§ Task item
The listing is to be reproduced exactly, excluding its pictures.

§ Dataset extract
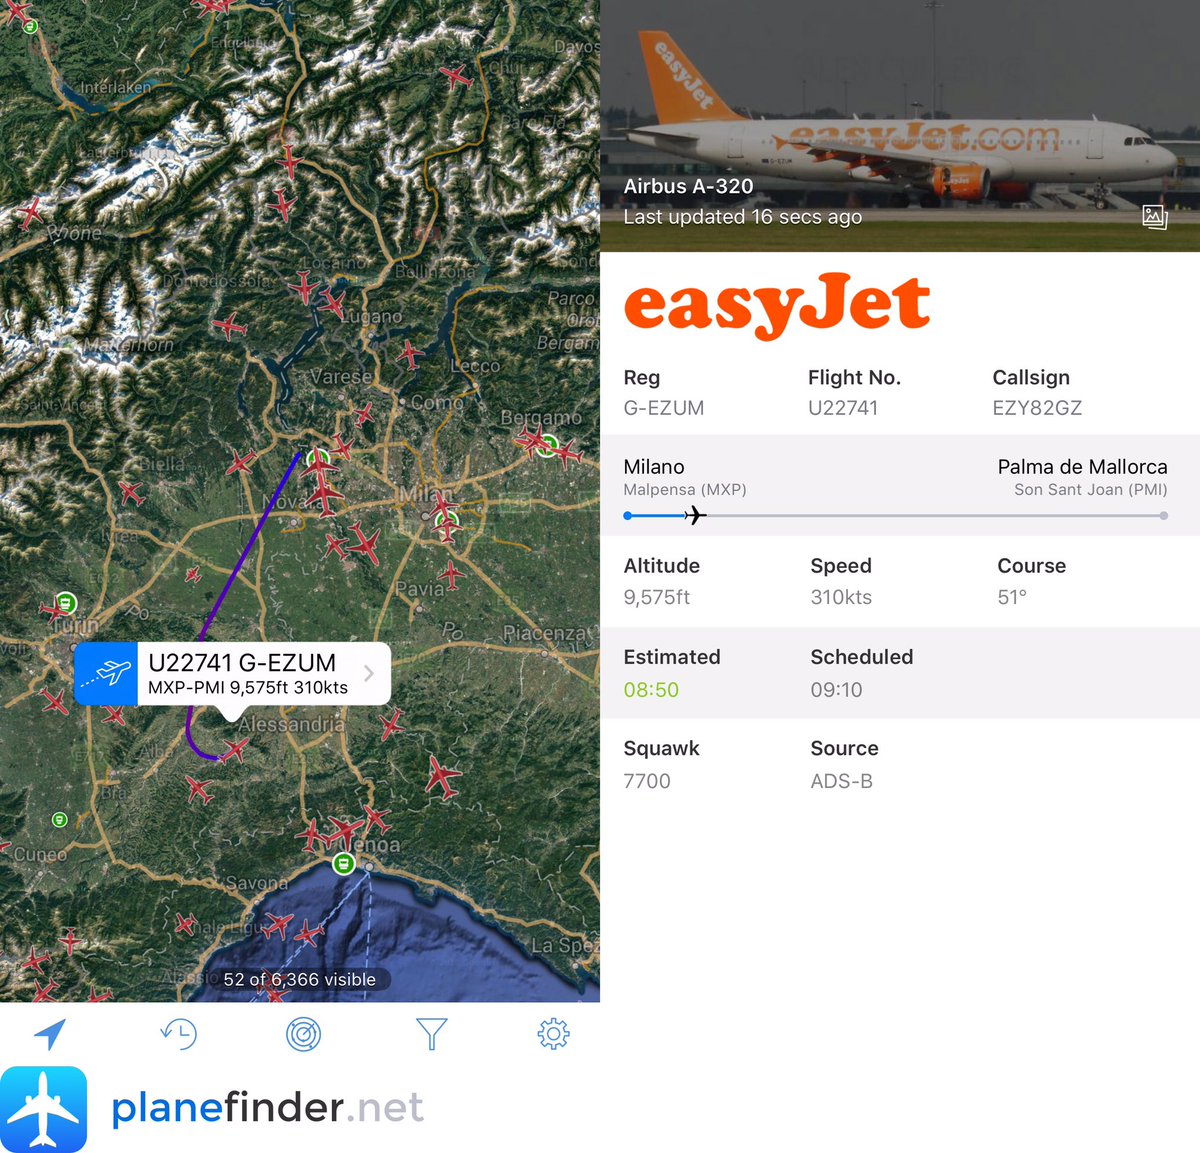 LIVE: Easyjet #U22741 has declared an emergency & diverting-cause unknown #airlivenet via @planefinder
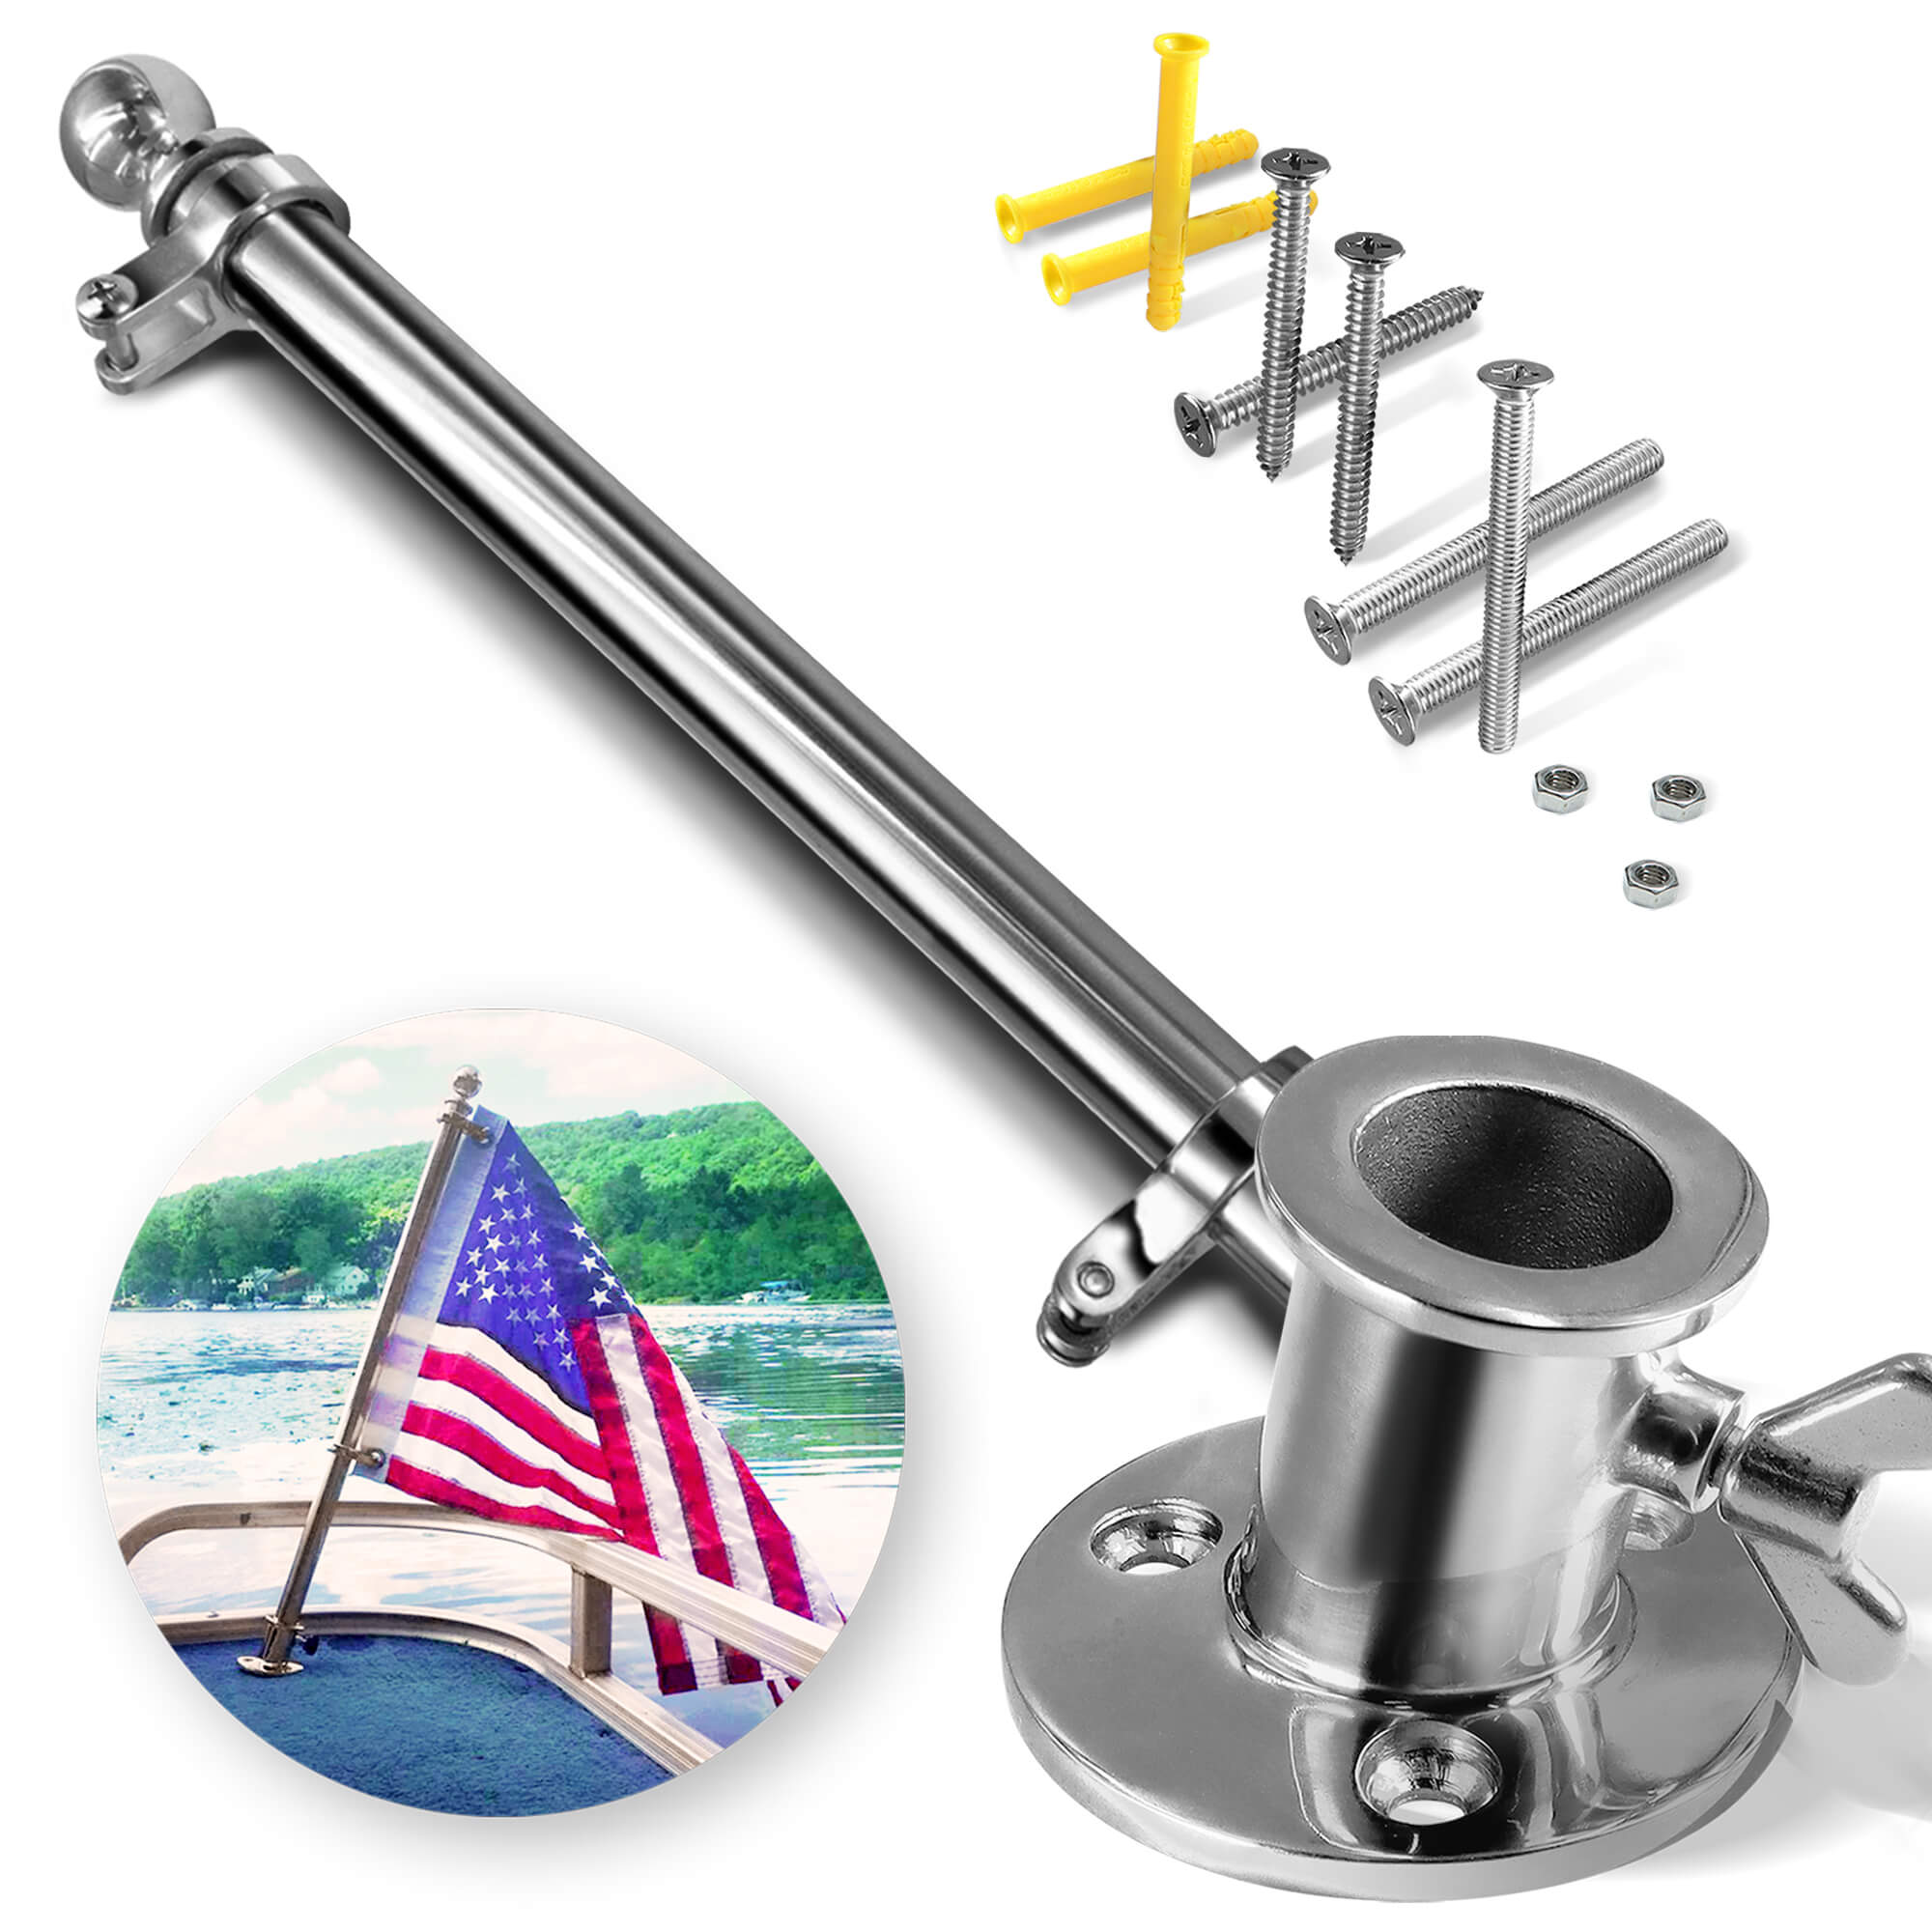 Prairie Metal Rail Mounted Flag Pole Stainless Steel Flagpole for Marine Boat Truck RV Fit Rail 7/8 ~ 1-1/4 
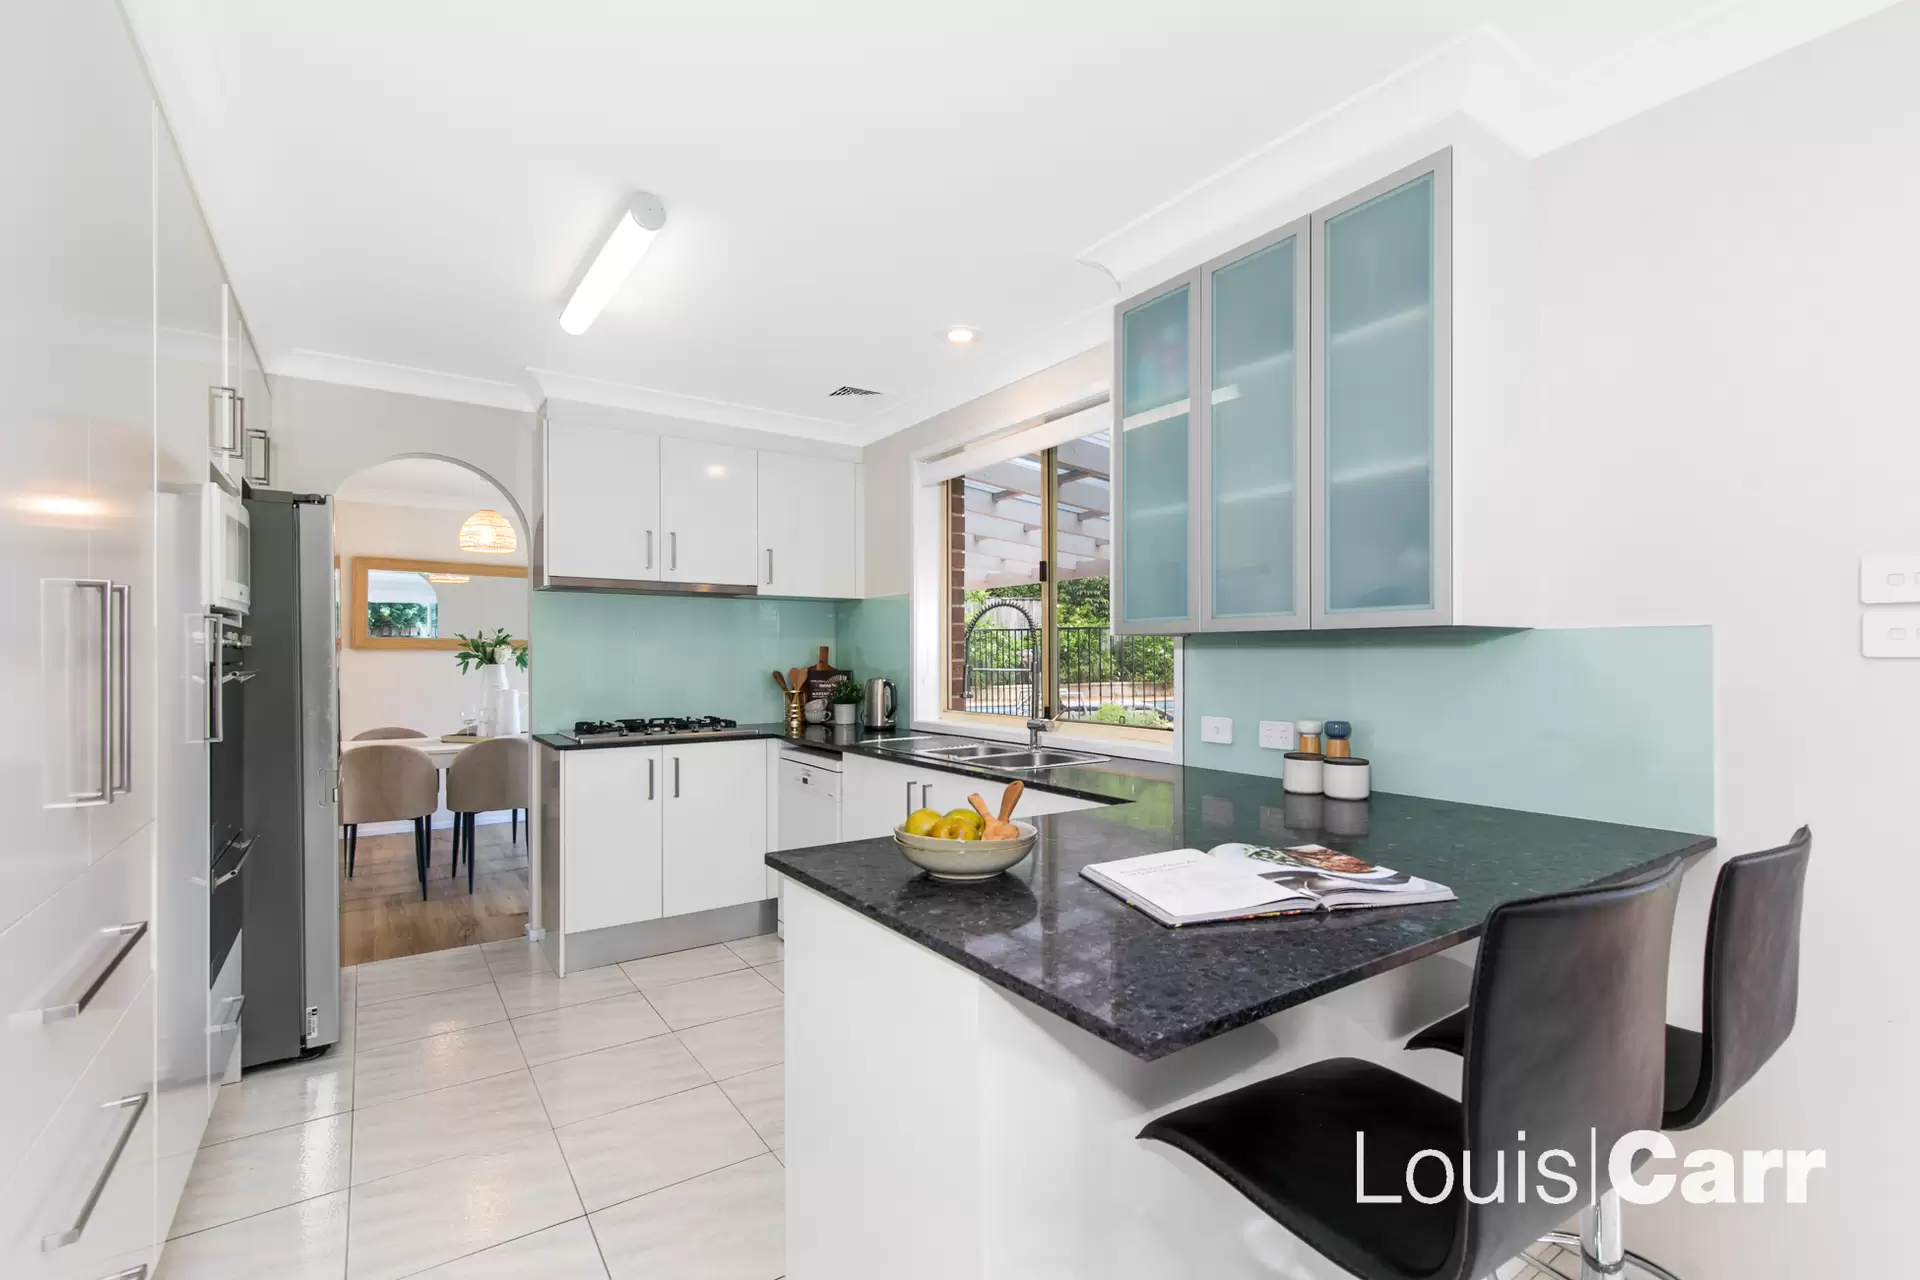 Photo #5: 4 Bowen Close, Cherrybrook - Sold by Louis Carr Real Estate

§ Task answer
 LIVE: Easyjet #U22741 has declared an emergency & diverting-cause unknown #airlivenet via @planefinder
 Prairie Metal Rail Mounted Flag Pole Stainless Steel Flagpole for Marine Boat Truck RV Fit Rail 7/8 ~ 1-1/4 
 Photo #5: 4 Bowen Close, Cherrybrook - Sold by Louis Carr Real Estate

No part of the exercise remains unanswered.